Quoi qu'il en soit, monsieur le secrétaire d'Etat, vous n'êtes pas le ministre directement concerné par ce sujet et je ne vous ferai pas une chicanerie à cette heure-ci. Je ne veux pas être désagréable avec vous, compte tenu de nos liens anciens. Je vais donc faire un geste.
Mais je préviens charitablement le Gouvernement : un projet de loi portant DDOEF sera bientôt discuté, et je reprendrai cet amendement lors de son examen si je n'ai pas eu satisfaction ; et, je le dis tout de suite, ce sera la dernière fois !
J'aime beaucoup les promenades, monsieur le secrétaire d'Etat, mais généralement dans des compagnies que je choisis et qui sont d'une autre qualité que celle des marchands de promesses ! (Sourires.)
Bref, c'est le printemps, et nous pouvons nous balader ensemble sur les chemins.

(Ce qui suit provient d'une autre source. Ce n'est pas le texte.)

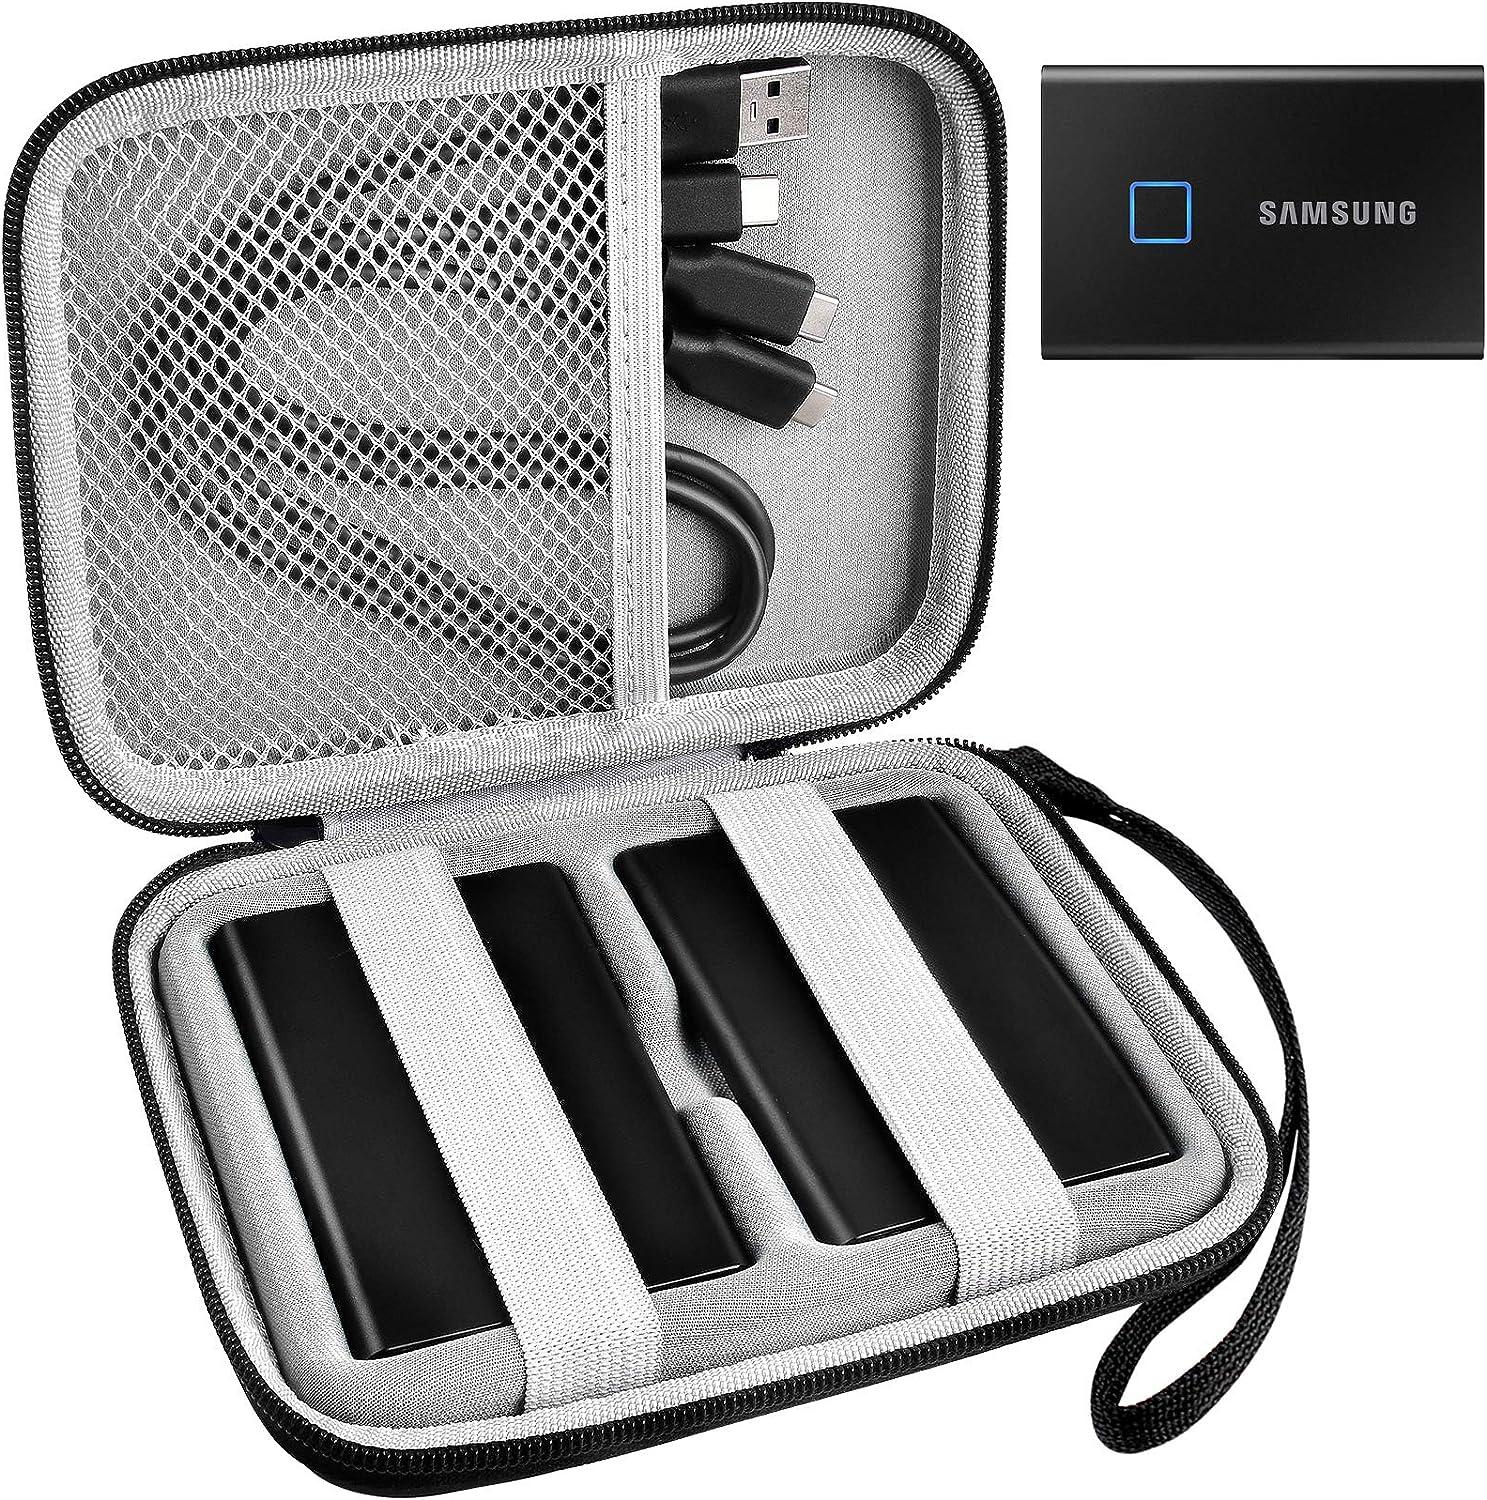 Schutzhülle Kompatibel Mit Samsung T7 Touch T7 Portable Ssd 1 Tb 2 Tb 500 Gb Usb 3 2 Externe Solid State Drive Reisebox Für 2 Samsung Ssd Und Kabel Elektronik

Mais vous m'excuserez de préférer choisir mes partenaires ! (Nouveaux sourires.)
Il n'empêche, monsieur le secrétaire d'Etat, que, par amitié à votre égard et parce que je vous fais confiance - une dernière fois - je retire mon amendement n° 91 rectifié. Mais à bon entendeur, salut !
M. le président. L'amendement n° 91 rectifié est retiré.
M. François Patriat, secrétaire d'Etat. Je demande la parole.
M. le président. La parole est à M. le secrétaire d'Etat.
M. François Patriat, secrétaire d'Etat. Je remercie M. Charasse et de sa position de sagesse et de son invitation. Pour ma part, je réponds à celle-ci : j'ai entendu ses arguments, je suis sensible à sa volonté d'aboutir, et je souscris à la façon qu'il préconise pour aboutir. Sur ce chemin-là, j'entends marcher à ses côtés pour aboutir avec lui.
M. Michel Charasse. Je vous en remercie !
M. le président. Par amendement n° 93, M. Charasse propose d'insérer, après l'article 54 sexies , un article additionnel ainsi rédigé :
« I. - L'article L. 321-1 du code de la propriété intellectuelle est complété par un alinéa ainsi rédigé :
« Les droits prescrits en application de l'alinéa précédent, ainsi que les produits de leur immobilisation, et les droits qui n'ont pu être versés à leurs titulaires en application des conventions internationales auxquelles la France est partie sont ajoutés, à la fin de chaque exercice, aux droits perçus pendant cet exercice. »
« II. - L'article L. 321-9 du même code est ainsi modifié :
« 1° Les trois premiers alinéas de cet article sont remplacés par un alinéa ainsi rédigé :
« Ces sociétés utilisent à des actions d'aide à la création, à la diffusion du spectacle vivant et à des actions de formation des artistes 5 % des sommes provenant de la rémunération pour copie privée, après déduction des frais de gestion.
« 2° La première phrase du quatrième alinéa de cet article est supprimée. »
La parole est à M. Charasse.
M. Michel Charasse. Pour les mêmes motifs que ceux que j'ai indiqués tout à l'heure, je retire également cet amendement, qui n'avait pas été présenté en première lecture.
J'en profite cependant, si vous le permettez, pour recommander au ministère de la culture de ne pas donner suite au projet de décret qui est en préparation pour revenir sur l'arrêt du 8 décembre dernier du Conseil d'Etat, parce ce que ce projet de décret est illégal !
M. le président. L'amendement n° 93 est retiré.
Mes chers collègues, nous allons maintenant interrompre nos travaux ; nous les reprendrons à vingt et une heures trente.
La séance est suspendue.
(La séance, suspendue à dix-neuf heures vingt, est reprise à vingt et une heures quarante.)